[[ GIVEN MATERIAL, beginning ]]

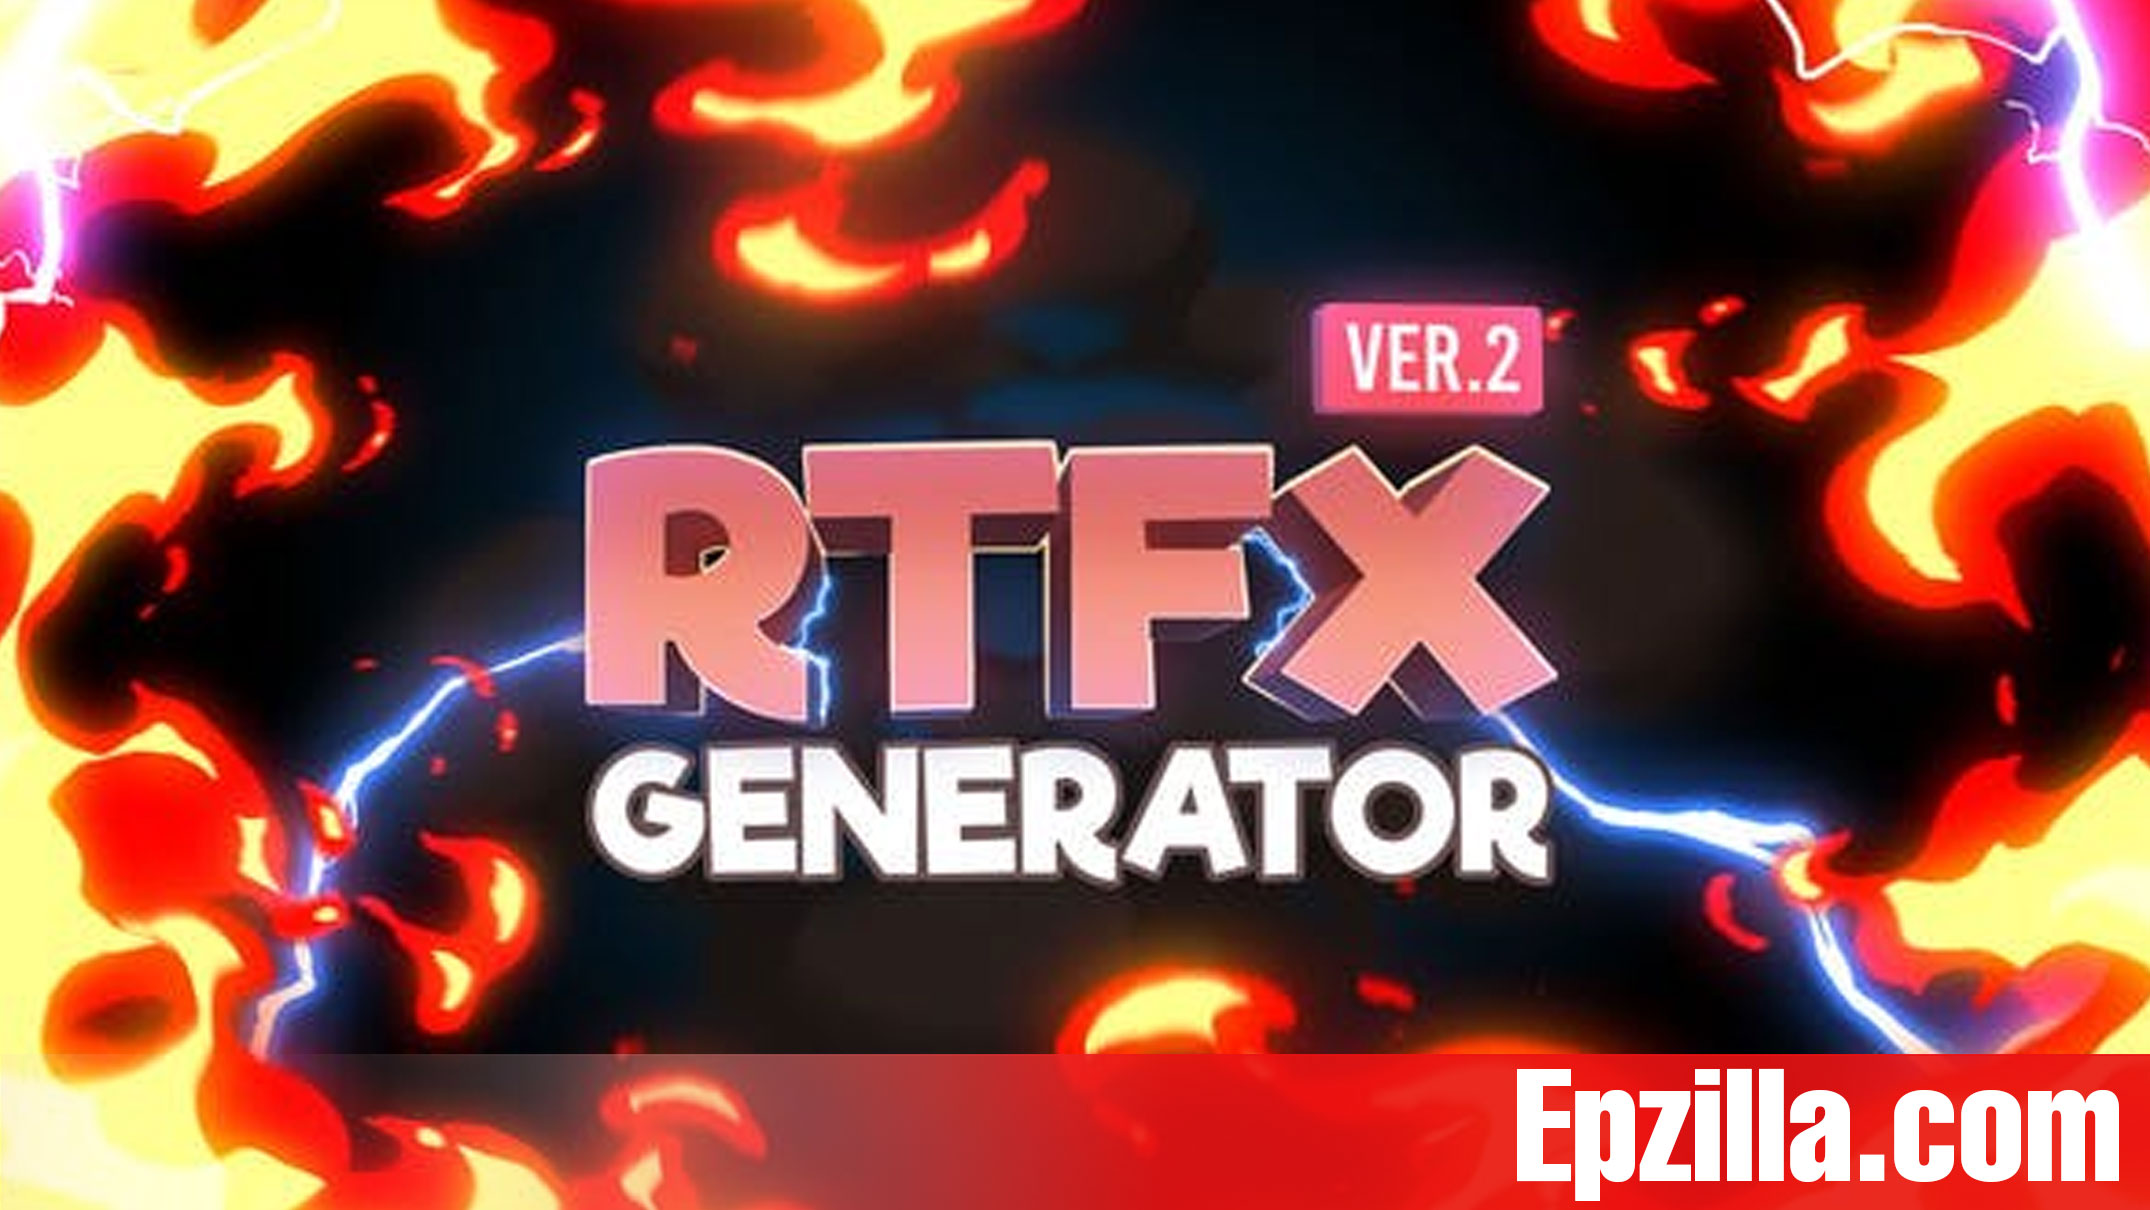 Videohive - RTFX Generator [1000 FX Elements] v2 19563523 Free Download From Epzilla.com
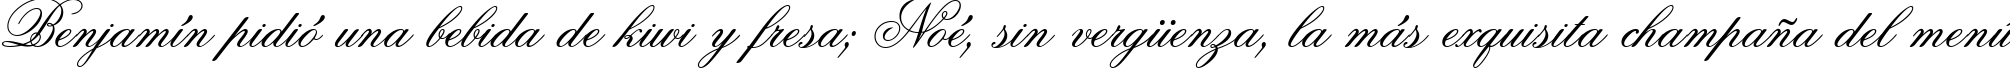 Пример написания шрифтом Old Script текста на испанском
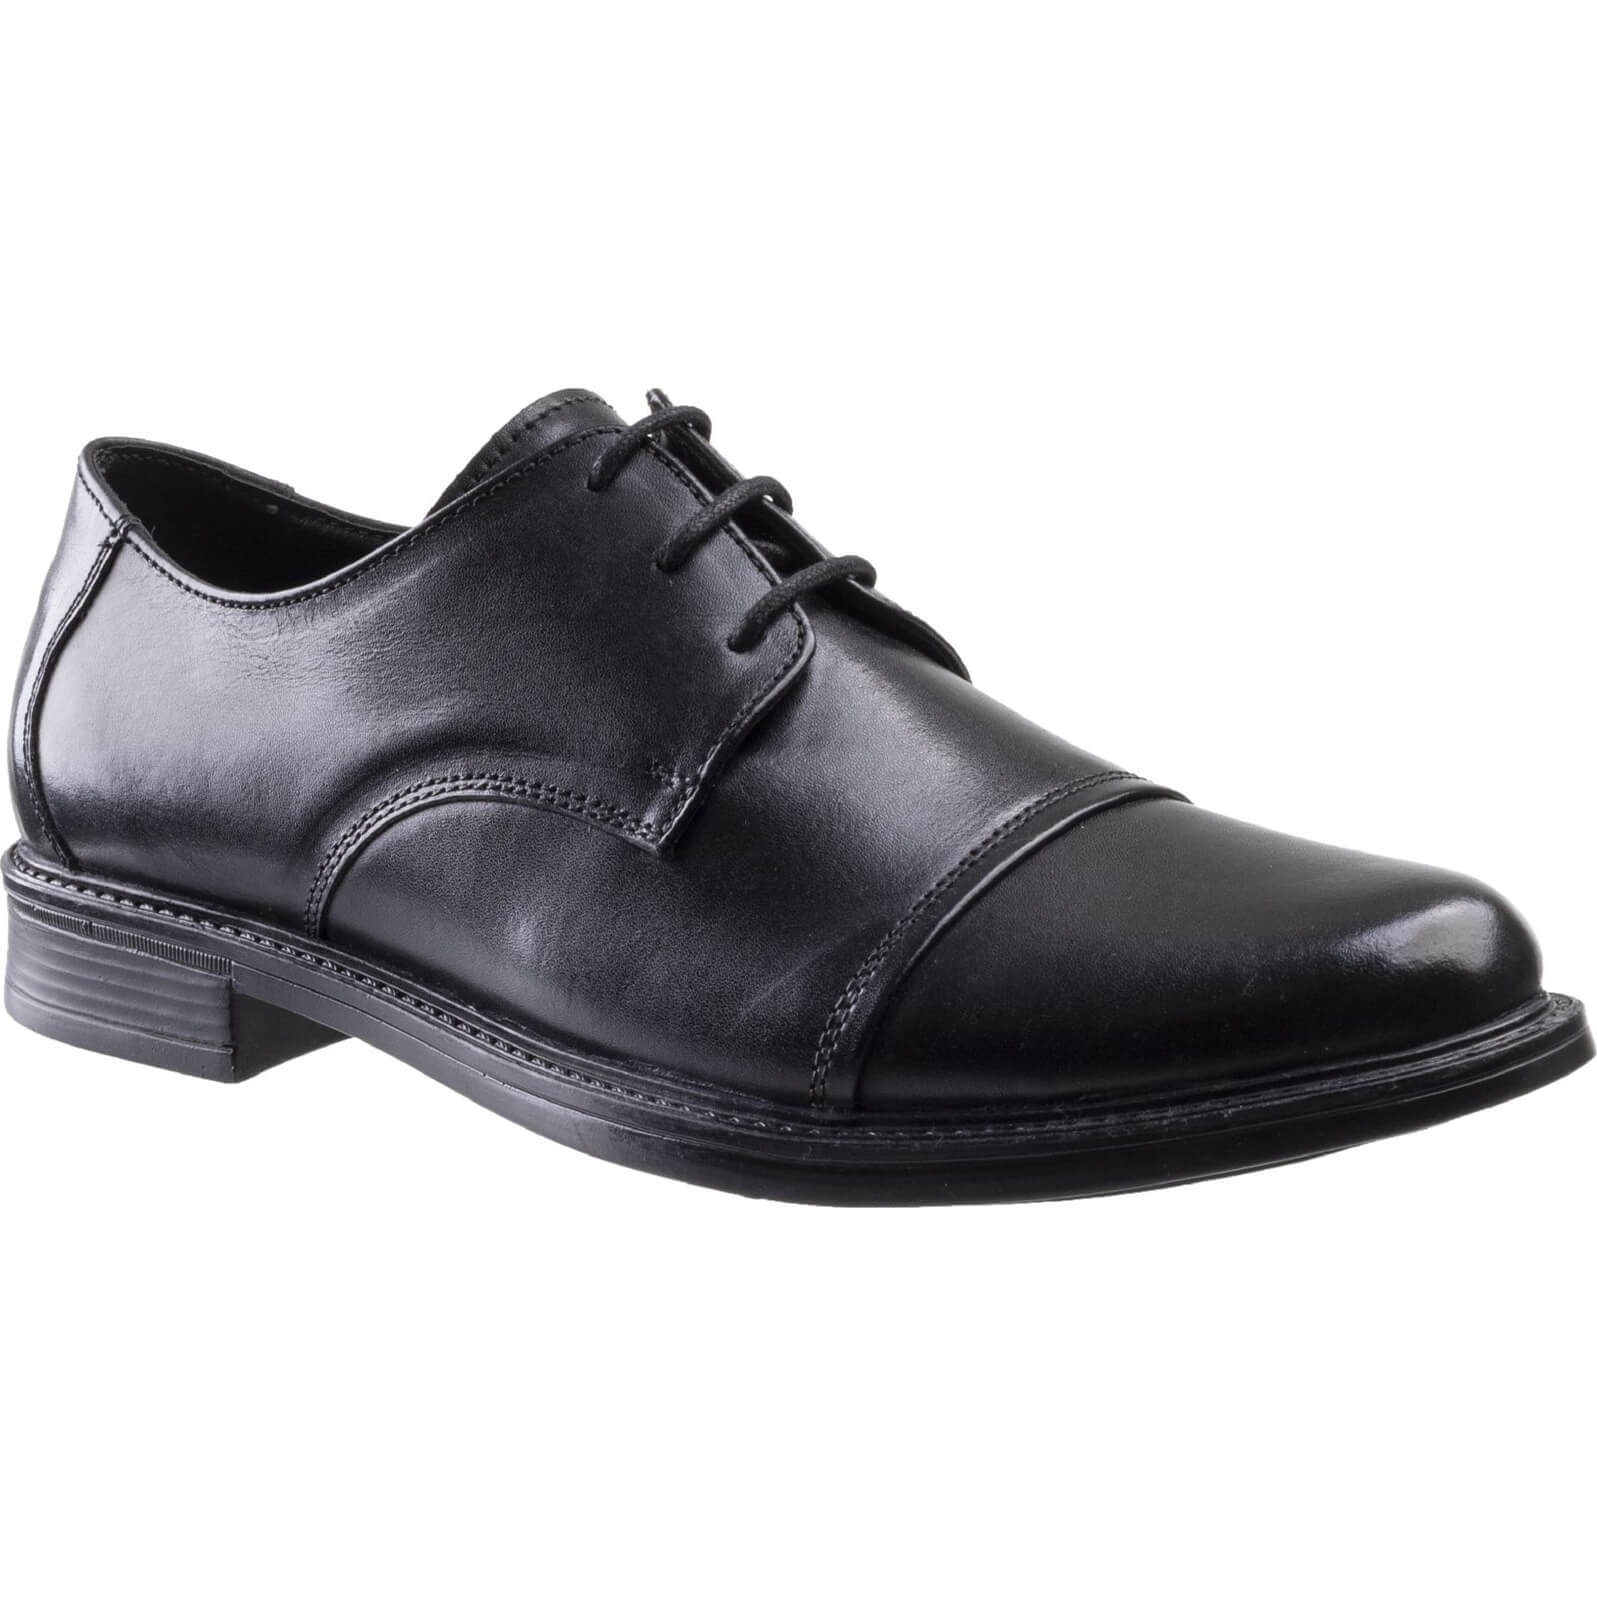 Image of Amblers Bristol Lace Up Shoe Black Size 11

[[ GIVEN MATERIAL, end ]]

:: WHAT THE TASK ASKS ::
All lines from the one holding "Пример написания шрифтом" through the last line of the material above should be set down exactly, and the pictures should be left out.

:: OUTPUT FOR THIS TASK ::
 Пример написания шрифтом Old Script текста на испанском
 Image of Amblers Bristol Lace Up Shoe Black Size 11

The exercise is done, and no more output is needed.